Ранний снег
Шрифт:
Я смотрюсь в это зеркало.
Думала ли я когда-нибудь, что мне придётся с оружием приходить в этот город? Нет, не думала. В первый раз я подумала об этом, когда вместе с Сергеем Улаевым встречала выходящих из окружения, искала своих. Вот тогда я и поклялась отомстить за Ивана Григорьевича, за девчат медсанбата.
Тогда я решила обязательно посмотреть на эти безглазые чёрные окна и завалы из кирпичей и на бурлящий, ходящий, как огромная рыбина на крючке, серый Одер с понтонами на хребтине, с обрушенным взрывом чёрным мостом.

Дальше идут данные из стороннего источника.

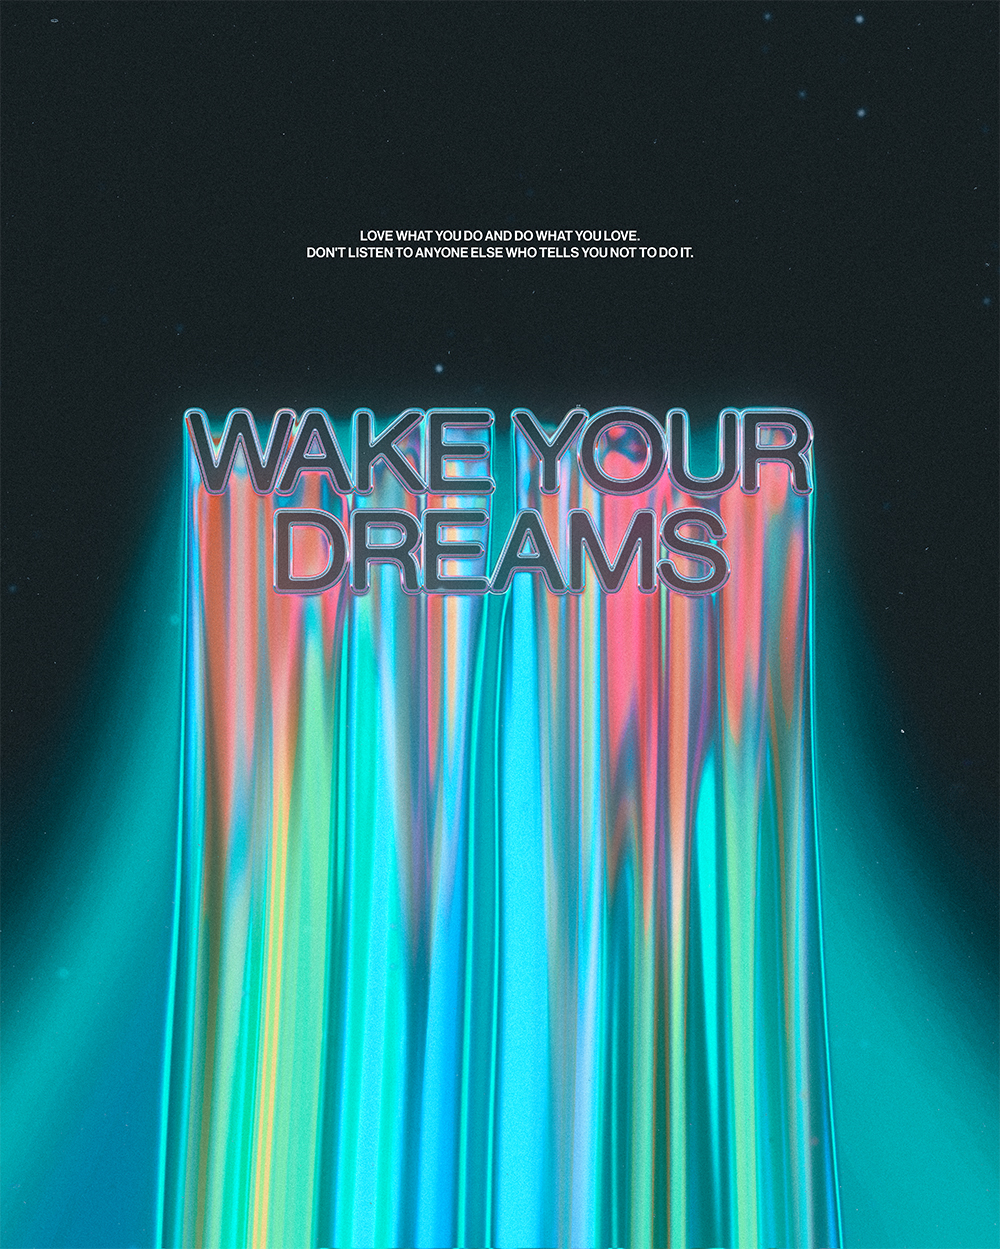 “Wake your dreams”

Это наше последнее наступление.
За войну я видела много больших наступлений. И у каждого из них было своё,
Наступление под Москвой в декабре сорок первого года было яркое, буйное, безрассудное, - может быть, оттого, что впервые. Тогда мы не знали ещё, что такое идти побеждать. И царила какая-то окрылённость, и всё было внове и очень пестро. Матросы с расстегнутыми воротниками бушлатов, несмотря на лютый мороз: должны же немцы увидеть морскую полосатую душу, узнать, что в атаку идут сами «чёрные дьяволы»! И тут же развернутой цепью, во весь рост, латыши: «психическая атака». А где-то на фланге - лихая казачья конница в чёрных бурках, с алыми башлыками поверх белых мохнатых папах. И весёлые лыжники в маскхалатах, с автоматами за плечами, которые нам казались тогда необыкновенной новинкой. И гвардейцы Панфилова, загорелые, узкоглазые, в замасленных полушубках, приехавшие из казахстанских степей. И девчонки-зенитчицы, озорные, отпетые, из Вологды и Саратова. И московские профессора, все седые, в очках с золотыми ободками, ездовыми в заиндевелых обозах. И сибирские стрелки, звероловы и следопыты... Даже в самых названиях военных частей: Истребительный батальон, Коммунистический батальон, Пролетарская дивизия, народное ополчение - был какой-то отголосок гражданской, боевой заряд неувядшей романтики. А в ней - наша сила и великая слабость. Сила нашего советского духа и слабость нашей воинской подготовки, недостаточность вооружения, неумение применять новейшую тактику, подсказанную маневренной машинной войной.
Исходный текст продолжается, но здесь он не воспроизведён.